ACP paper outlines 'fresh thinking' for team-based care
Declaring that the “move toward team-based care requires fresh thinking,” the American College of Physicians released a new policy paper that outlines professionalism, licensure, reimbursement and research principles for such teams to follow. The document appears unlikely to settle deep divisions between physicians and their team members on those matters.
Teams of physicians, nurses, physician assistants, clinical pharmacists, social workers and other health professionals require “a new way of thinking about clinical responsibilities and leadership, one that recognizes that different clinicians will assume principal responsibility for specific elements of a patient's care as the patient's needs dictate,” according to the authors, Robert Doherty, ACP senior vice president for government and public policy, and Ryan Crowley, ACP senior health policy analyst. The paper, “Principles Supporting Dynamic Clinical Care Teams,” was published Monday in the Annals of Internal Medicine.
Doherty and Crowley acknowledge that there are barriers to achieving the vision of physician-led teams, not the least of which is a shortage of internal medicine physicians in some communities. In these circumstances, the ACP encourages a cooperative approach among available healthcare professionals as well as the use of telehealth technology.

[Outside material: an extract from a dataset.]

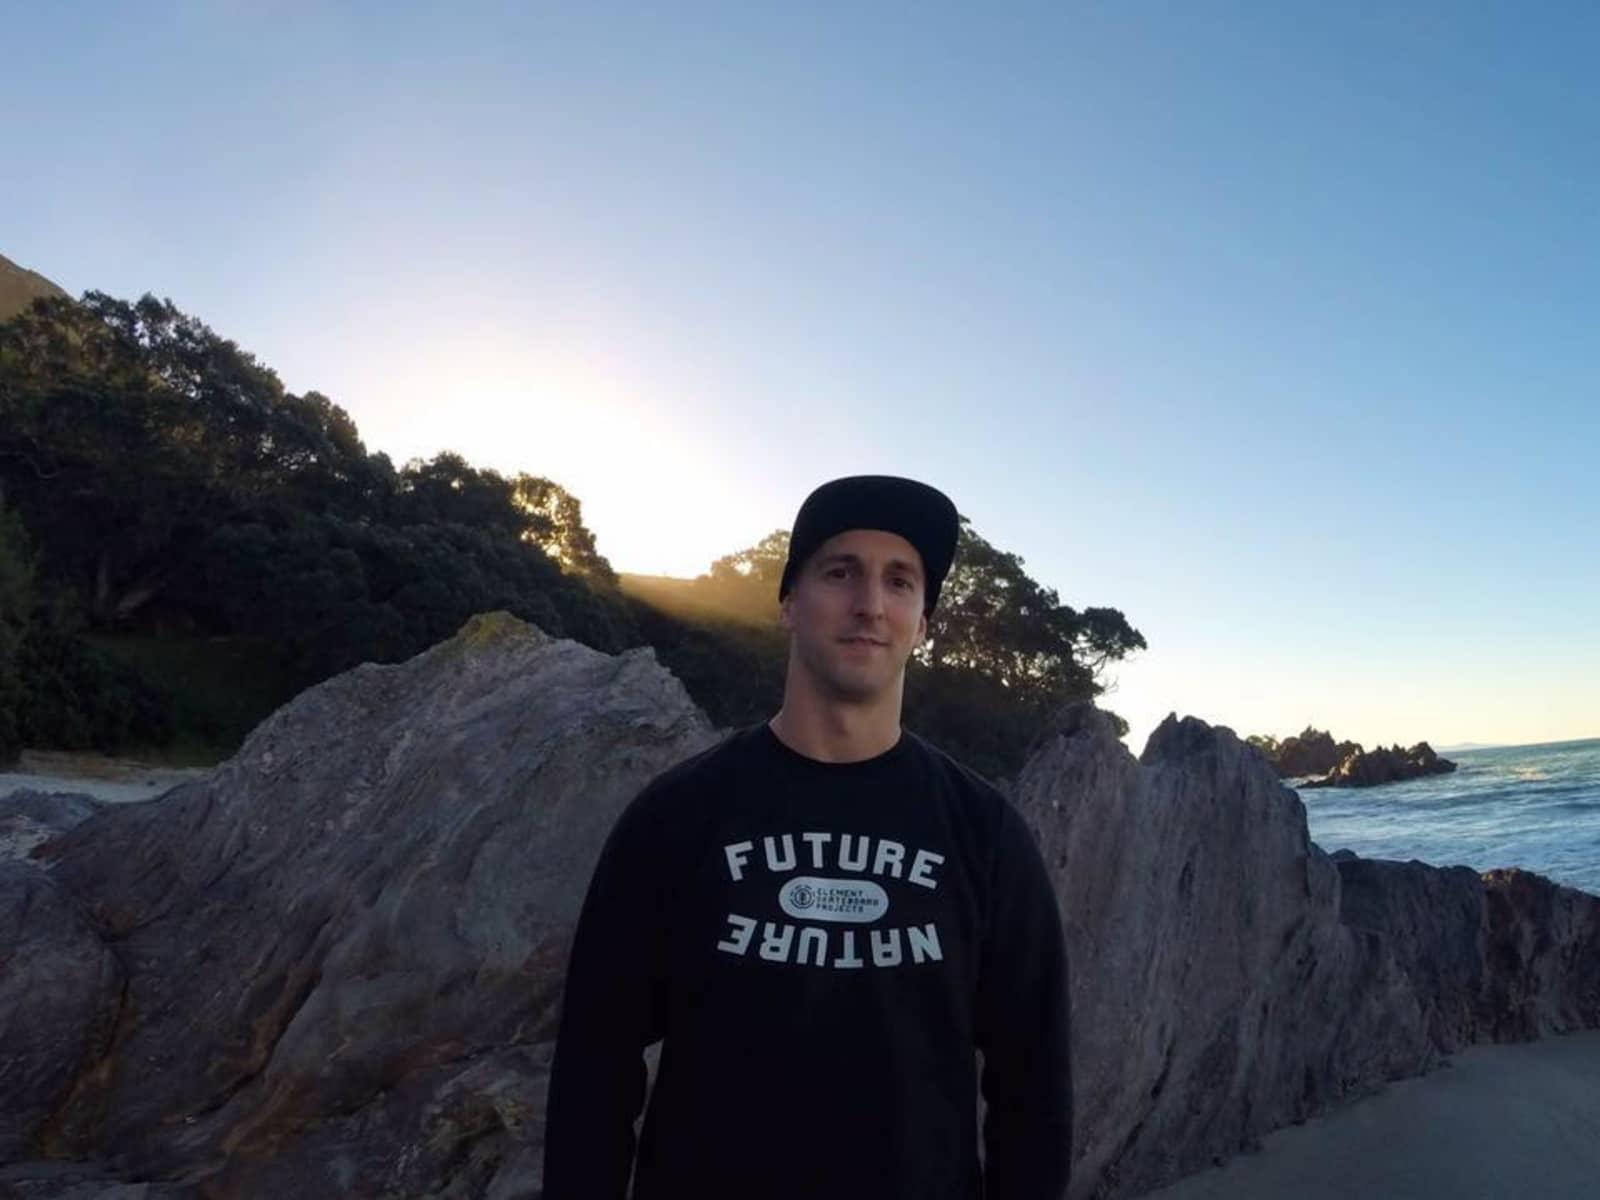 Dan from Auckland, New Zealand

Still, they reaffirm the importance of each patient having “an ongoing relationship with a personal physician trained to provide first contact, continuous and comprehensive care” and a personal physician who “leads a team of individuals at the practice level who collectively take responsibility for the ongoing care of patients”—a component of theJoint Principles of the Patient-Centered Medical Home, which were adopted in 2007 by the ACP, American Academy of Family Physicians, American Osteopathic Association and the American Academy of Pediatrics.
The American Medical Association (PDF) and the AAFP each issued similar policy statements in 2012 contending that teams should be physician-led. Both were met with a backlash from nurse practitioners and physician assistants.
In an accompanying editorial to the new ACP paper, Dr. Anna Reisman, with the Yale School of Medicine, New Haven, Conn., predicted that “some of the content in the ACP position paper will not inspire high-fives from our (nurse practitioner) colleagues,” but credited the ACP for moving the issue forward.
“Although solving the scope-of-practice controversy may be beyond the reach of the College's position paper—or of this editorial—failure to resolve this issue hinders the development of dynamic clinical care teams, particularly in states where NPs can practice autonomously,” Reisman wrote. “It is heartening, then, to find the College rising above the familiar negative rhetoric by acknowledging the effectiveness of NPs in some settings, such as nurse-managed health centers in underserved areas.”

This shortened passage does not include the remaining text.